Combining p-values via averaging

TL;DR

This paper introduces new methods for combining multiple p-values in hypothesis testing without dependence assumptions, extending classical results to generalized means and discussing their efficiency and application.

Contribution

It extends classical p-value combination methods to generalized means using recent mathematical finance techniques, including weighted averages and efficiency considerations.

Findings

Harmonic mean combination scaled by ln K is effective for large K.

Generalized means provide flexible p-value combination strategies.

The methods improve robustness in multiple testing scenarios.

Abstract

This paper proposes general methods for the problem of multiple testing of a single hypothesis, with a standard goal of combining a number of p-values without making any assumptions about their dependence structure.

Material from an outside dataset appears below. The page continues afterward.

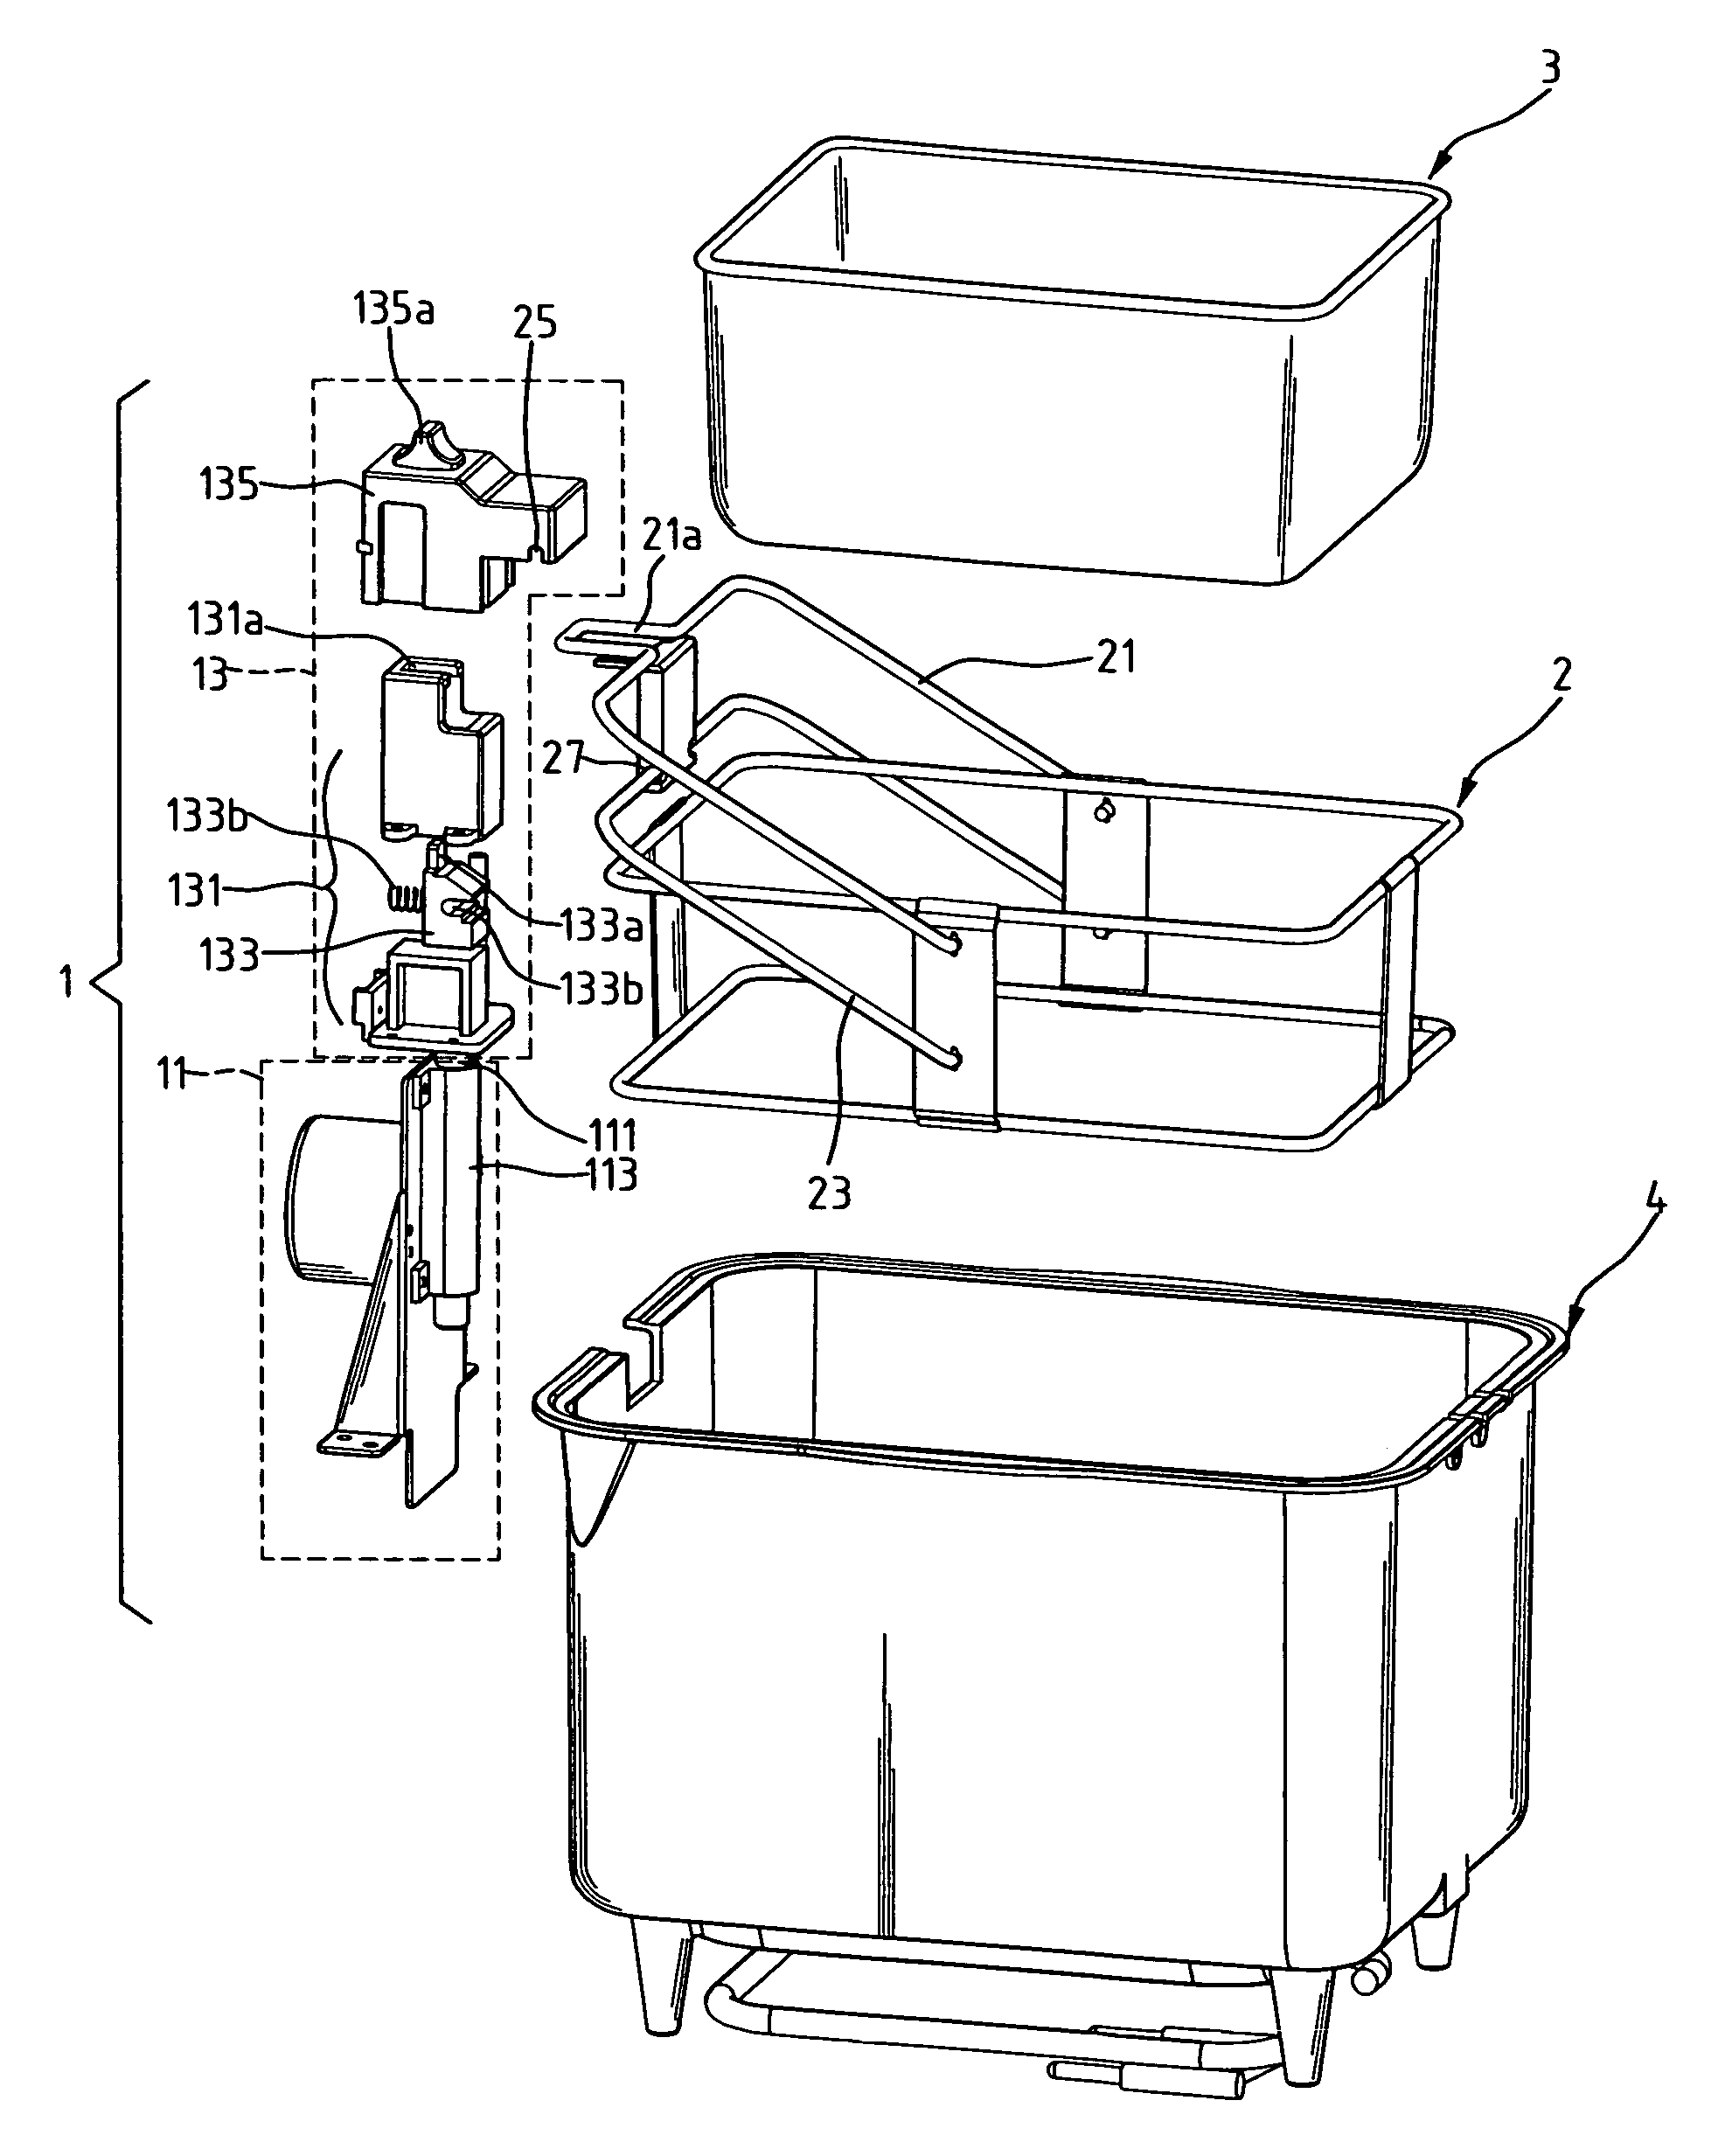 Control mechanism for deep fryer to control elevation of basket received in the deep fryer

An old result by R\"uschendorf and, independently, Meng implies that the p-values can be combined by scaling up their arithmetic mean by a factor of 2 (and no smaller factor is sufficient in general). A similar result about the geometric mean (Mattner) replaces 2 by $e$. Based on more recent developments in mathematical finance, specifically, robust risk aggregation techniques, we extend these results to generalized means; in particular, we show that $K$ p-values can be combined by scaling up their harmonic mean by a factor of $\ln K$ (asymptotically as $K\to\infty$). This leads to a generalized version of the Bonferroni-Holm procedure. We also explore methods using weighted averages of p-values. Finally, we discuss the efficiency of various methods of combining p-values and how to choose a suitable method in light of data and prior information.